Last modified on 03/07/2019 at 08:23:05 AM

#7254 closed change (fixed)

Expand matcher result cache to ten times the current capacity

Reported by: mjethani Assignee: mjethani
Priority: P2 Milestone:
Module: Core Keywords:
Cc: sergz, sebastian, hfiguiere, kzar Blocked By:
Blocking: #7000 Platform: Unknown / Cross platform
Ready: yes Confidential: no
Tester: Unknown Verified working: yes
Review URL(s):

https://codereview.adblockplus.org/29996579/

Description (last modified by mjethani)

Background

When loading the sites in the Alexa Top 50 one after another, the result cache in lib/matcher.js is cleared 3-5 times. The hit rate (ratio of cache hits to total calls) is ~78% at best. If we expand the cache to ten times the current capacity of 1,000 entries, the hit rate goes up to ~87% and with continued browsing on the same sites will approach 100% asymptotically.

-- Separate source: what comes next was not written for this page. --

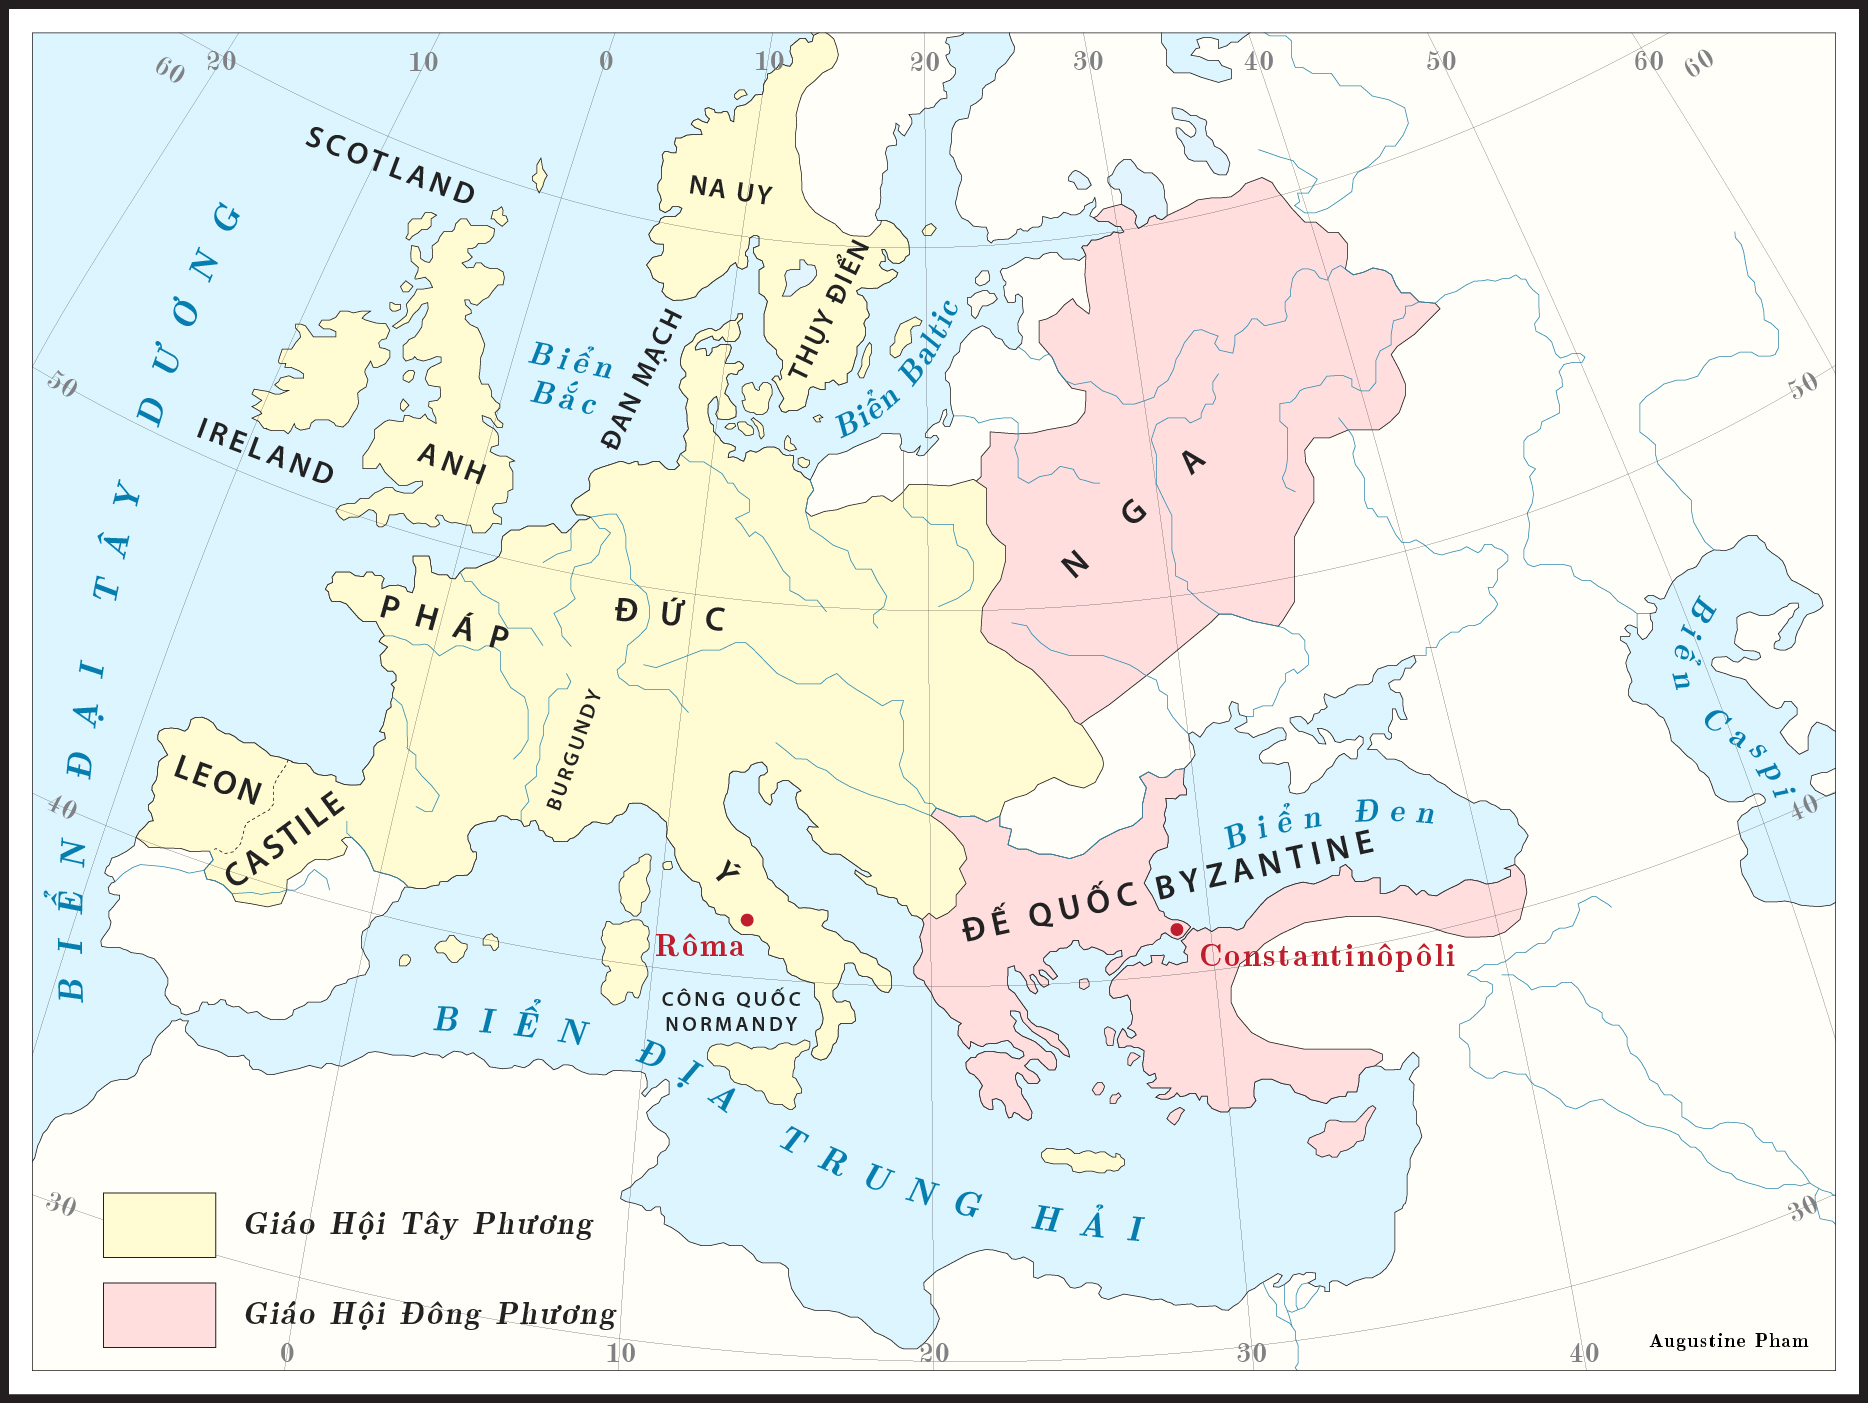 Giáo Hội Đông Phương và Tây Phương ở thời điểm Đại Ly Giáo

The memory footprint of the result cache at full capacity is ~400 KB. At ten times the current capacity, it would still be ~4 MB only, i.e. a fraction of the overall memory footprint.

A capacity of 10,000 entries in the matcher's result cache would make it significantly faster to do ad blocking on the user's most frequently visited sites.

What to change

In lib/matcher.js, modify the value of CombinedMatcher.prototype.maxCacheEntries from 1000 to 10000 (ten thousand).

Hints for testers

There should be nothing to test here as there is no change in behavior.

Attachments (0)

Change History (26)

comment:1 Changed on 02/02/2019 at 12:18:52 PM by mjethani

  • Blocking 7000 added

comment:2 Changed on 02/02/2019 at 12:22:48 PM by mjethani

  • Review URL(s) modified (diff)
  • Status changed from new to reviewing

comment:3 Changed on 02/02/2019 at 12:24:39 PM by mjethani

  • Description modified (diff)

comment:4 Changed on 02/02/2019 at 12:26:16 PM by mjethani

  • Owner set to mjethani

comment:5 Changed on 02/03/2019 at 02:12:52 PM by mjethani

  • Cc sergz added

comment:6 Changed on 02/04/2019 at 08:26:00 AM by mjethani

  • Cc sebastian added

comment:7 Changed on 02/04/2019 at 02:59:52 PM by mjethani

  • Cc hfiguiere added

comment:8 Changed on 02/04/2019 at 03:00:19 PM by mjethani

I'd like to get this into Adblock Plus 3.5.

comment:9 Changed on 02/04/2019 at 03:00:38 PM by mjethani

  • Cc kzar added

comment:10 Changed on 02/04/2019 at 11:11:34 PM by abpbot

comment:11 follow-up: Changed on 02/05/2019 at 04:57:02 AM by sebastian

How about instead of increasing the cache size, using a proper LRU caching strategy, rather than clearing the whole cache every time you hit the max cache size?

Thanks to Map objects preserving order, they can be used as LRU cache, by simply removing and adding the key-value pair again on every hit. Then when the cache size is hit just remove the first key.

Last edited on 02/05/2019 at 05:03:09 AM by sebastian

comment:12 in reply to: ↑ 11 ; follow-up: Changed on 02/05/2019 at 06:17:42 AM by mjethani

Replying to sebastian:

How about instead of increasing the cache size, using a proper LRU caching strategy, rather than clearing the whole cache every time you hit the max cache size?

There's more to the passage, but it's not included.